Vineet Gandhi
F24, CVIT,
KCIS Research Block,
IIIT Hyderabad, Gachibowli
Hyderabad, India, 500032
I am currently an associate professor at IIIT Hyderabad, where I am affiliated with Center for Visual Information Techonology ( CVIT ). I also advise a beautiful animation startup on their AI and ML related efforts Animaker.com. I completed my PhD degree at INRIA Rhone Alpes/Univesity of Grenoble in applied mathematics and computer science (mathématique appliquée et informatique) under the guidance of Remi Ronfard. I was funded by the CIBLE scholarship by Region Rhone Alpes. Prior to this, I completed my Masters with Erasmus Mundus scholarship under CIMET consortium. I am extremely thankful to European Union for giving me this opportunity which had a huge impact on both my professional and personal life. I spent a semester each in Spain, Norway and France and later joined INRIA for my master thesis and continued for my PhD there. I was also lucky to travel and deeply explore Europe (from south of Spain to North of Norway), at times purely surviving on gestural expressions for communication. I obtained my Bachelor of Technology degree from Indian Institute of Information Technology, Design and Manufacturing (IIITDM) Jabalpur, India (I belong to the first batch of the insititute).

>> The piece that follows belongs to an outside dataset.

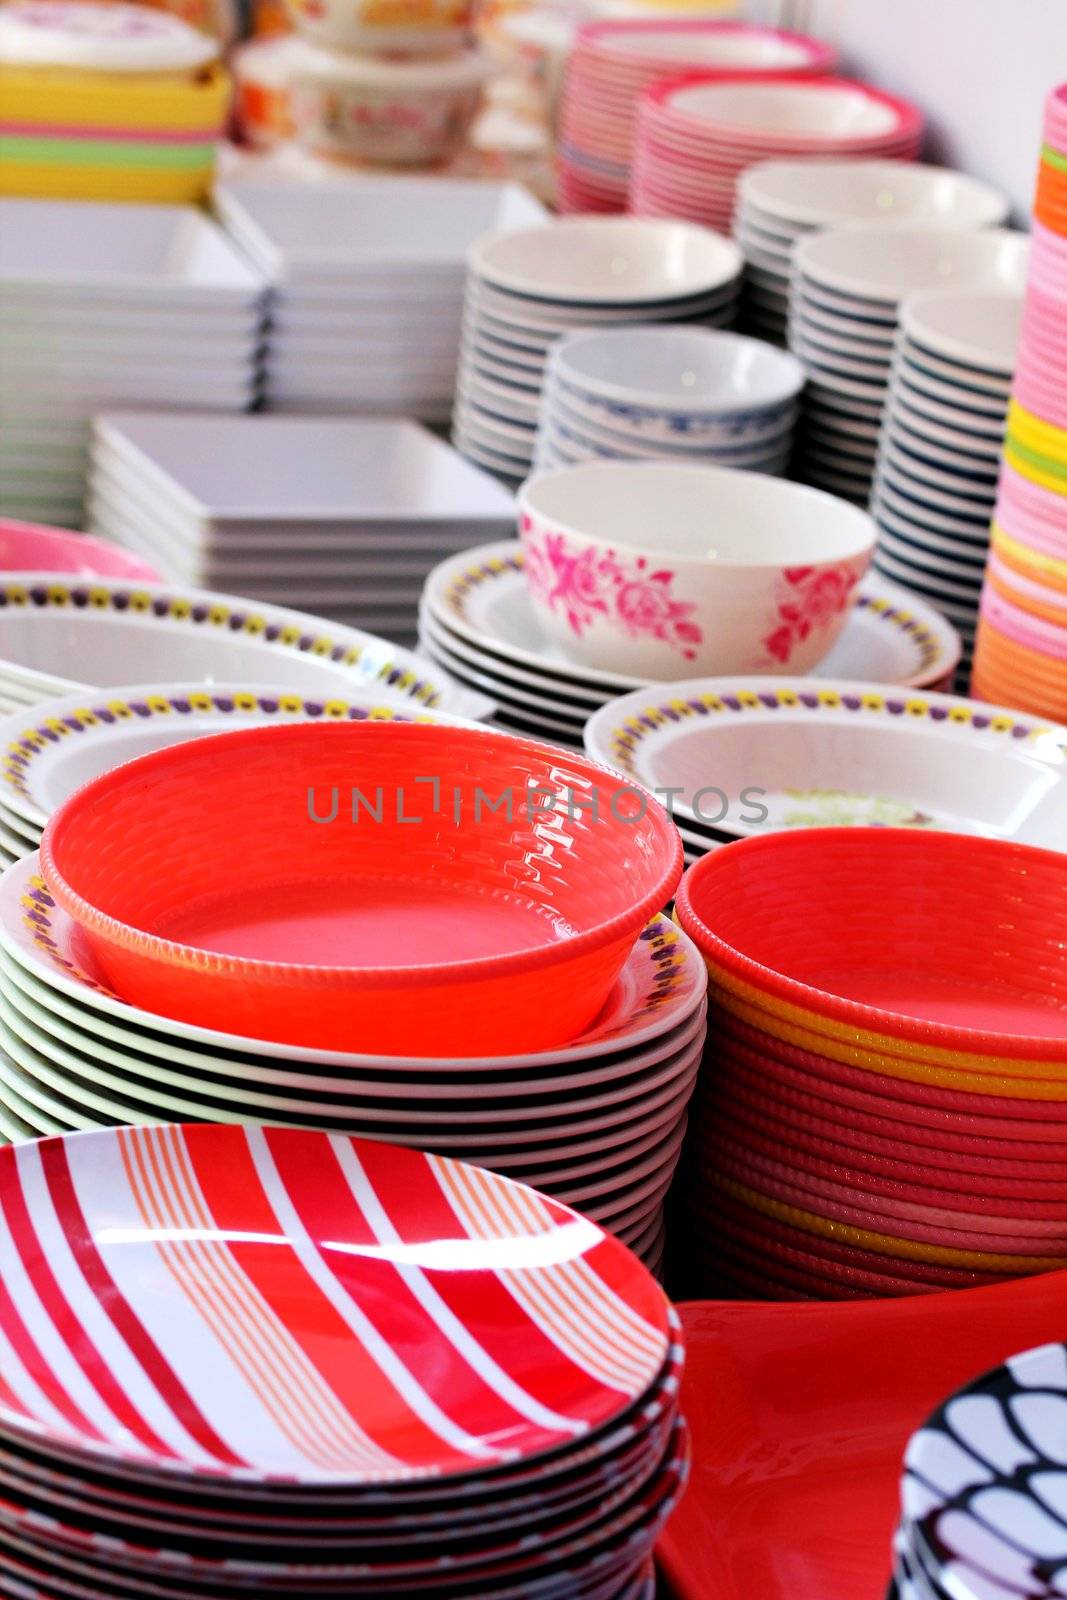 Colorful melamine, ceramic and plastic bowls by mnsanthoshkumar

I like to focus on problems with tangible goals and I try to build end to end solutions (with neat engineering). My current research interests are in applied machine learning for applications in computer vision and multimedia. In recent years, I have been exploring specific problems of model generalization in ML, text-to-speech, speech from varying signals for accessibility, vision language models, automated cinematography/editing etc. In personal space, I like to spend time with my family, play cards, and read ancient literature.
News [ archives ]
| Mar 2026 | Two papers accepted at CVPR 2026 (one in main track and one in findings). Congratulations to Aishwarya for the amazing work. CCI presents striking visualization results for CLIP, while Lite-embed enables adapting CLIP to rare classes with just a few images, without modifying the model. Wonderful collaboration continues with Aishwarya and Srikrishna. |
|---|---|
| Mar 2026 | Our paper called CLARIS: Clear and Intelligible Speech from Whispered and Dysarthric Voices accepted at CHI 2026. This breakthrough work shows that disarthric speech can be real-time converted into normal speech. Congratulations to Neil, Yash, and Shirish, with special mention to Yash on his first PhD paper. Speech samples available here:. |
| Sep 2025 | Our paper on Simplifying Knowledge Transfer in Pretrained Models accepted at TMLR. Congratulations to Siddharth. |
| Jul 2025 | Gave a talk titled The Sound Dimension: Speech and Audio in Multimodal AI at the CVIT workshop 2025. Slides (PDF): here |
| Jun 2025 | Our paper titled “Pseudo-labelling meets Label Smoothing for Noisy Partial Label Learning” recieved best paper award at FGVC workshop at CVPR 2025. Congratulations to Darshana, the hard work has paid off. |